From: Alex Williamson
Date: Tue Apr 23 2019 - 11:34:16 EST


On Tue, 23 Apr 2019 09:33:53 -0500
Alex G <mr.nuke.me@xxxxxxxxx> wrote:

> On 4/22/19 7:33 PM, Alex Williamson wrote:
> > On Mon, 22 Apr 2019 19:05:57 -0500
> > Alex G <mr.nuke.me@xxxxxxxxx> wrote:
> >> echo 0000:07:00.0:pcie010 |
> >> sudo tee /sys/bus/pci_express/drivers/pcie_bw_notification/unbind
> >
> > That's a bad solution for users, this is meaningless tracking of a
> > device whose driver is actively managing the link bandwidth for power
> > purposes.
>
> 0.5W savings on a 100+W GPU? I agree it's meaningless.

Evidence? Regardless, I don't have control of the driver that's making
these changes, but the claim seems unfounded and irrelevant.

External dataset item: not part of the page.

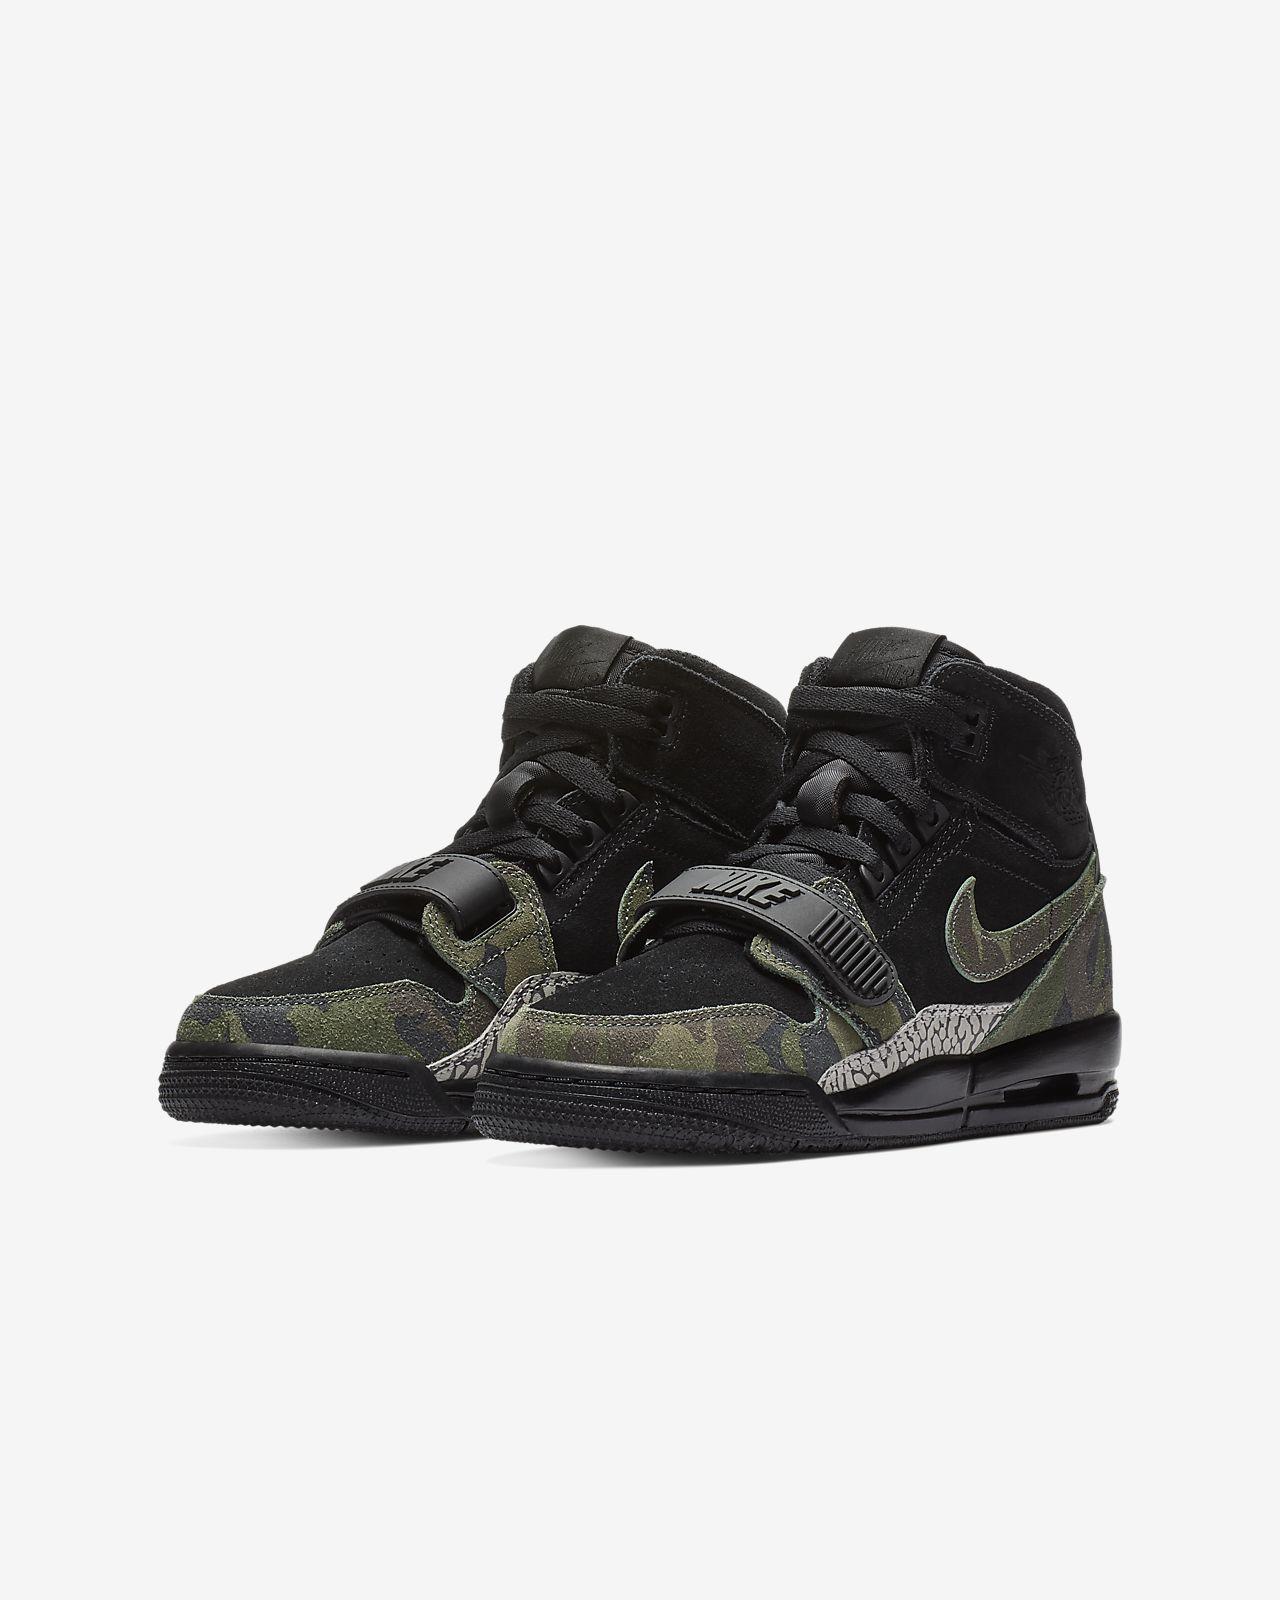 reputable site ffdf8 ab334 ... Air Jordan Legacy 312 Big Kids  Shoe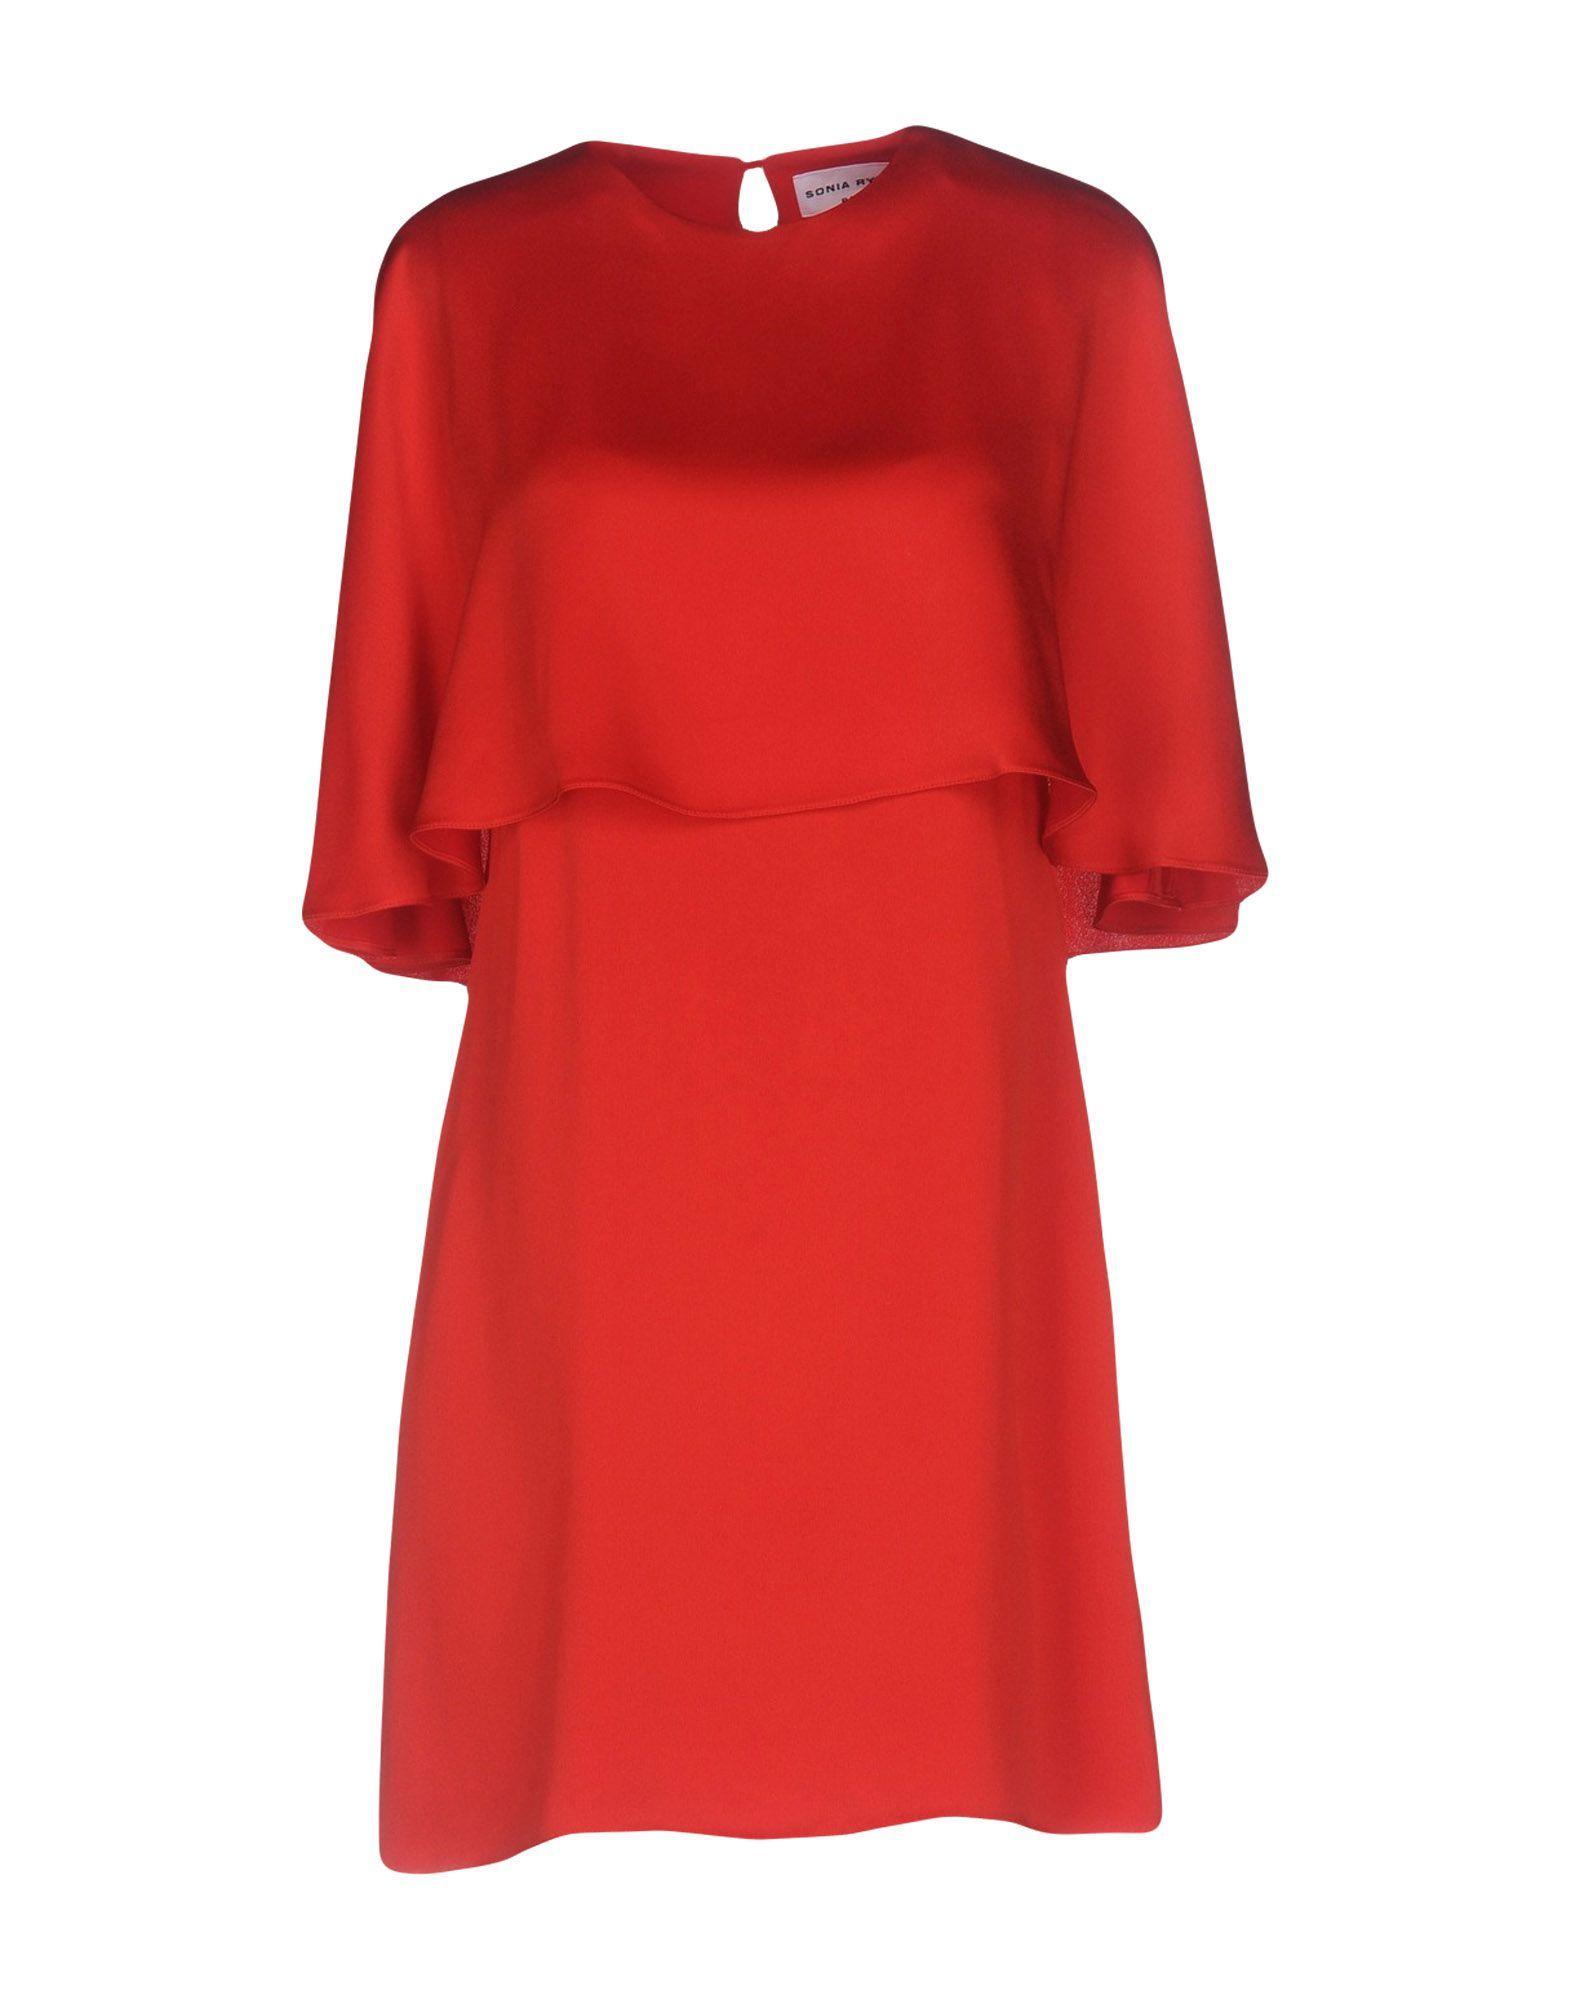 Sonia Rykiel Red Satin Short Sleeve Dress

> > There is nothing wrong happening here that needs to fill
> > logs. I thought maybe if I enabled notification of autonomous
> > bandwidth changes that it might categorize these as something we could
> > ignore, but it doesn't.
> > How can we identify only cases where this is
> > an erroneous/noteworthy situation? Thanks,
>
> You don't. Ethernet doesn't. USB doesn't. This logging behavior is
> consistent with every other subsystem that deals with multi-speed links.
> I realize some people are very resistant to change (and use very ancient
> kernels). I do not, however, agree that this is a sufficient argument to
> dis-unify behavior.

Sorry, I don't see how any of this is relevant either. Clearly I'm
using a recent kernel or I wouldn't be seeing this new bandwidth
notification driver. I'm assigning a device to a VM whose driver is
power managing the device via link speed changes. The result is that
we now see irrelevant spam in the host dmesg for every inconsequential
link downgrade directed by the device. I can see why we might want to
be notified of degraded links due to signal issues, but what I'm
reporting is that there are also entirely normal and benign reasons
that a link might be reduced, we can't seem to tell the difference
between a fault and this normal dynamic scaling, and the assumption of
a fault is spamming dmesg. So, I don't think what we have here is well
cooked. Do drivers have a mechanism to opt-out of this error
reporting? Can drivers register an anticipated link change to avoid
the spam? What instructions can we *reasonably* give to users as to
when these messages mean something, when they don't, any how they can
be turned off? Thanks,

Alex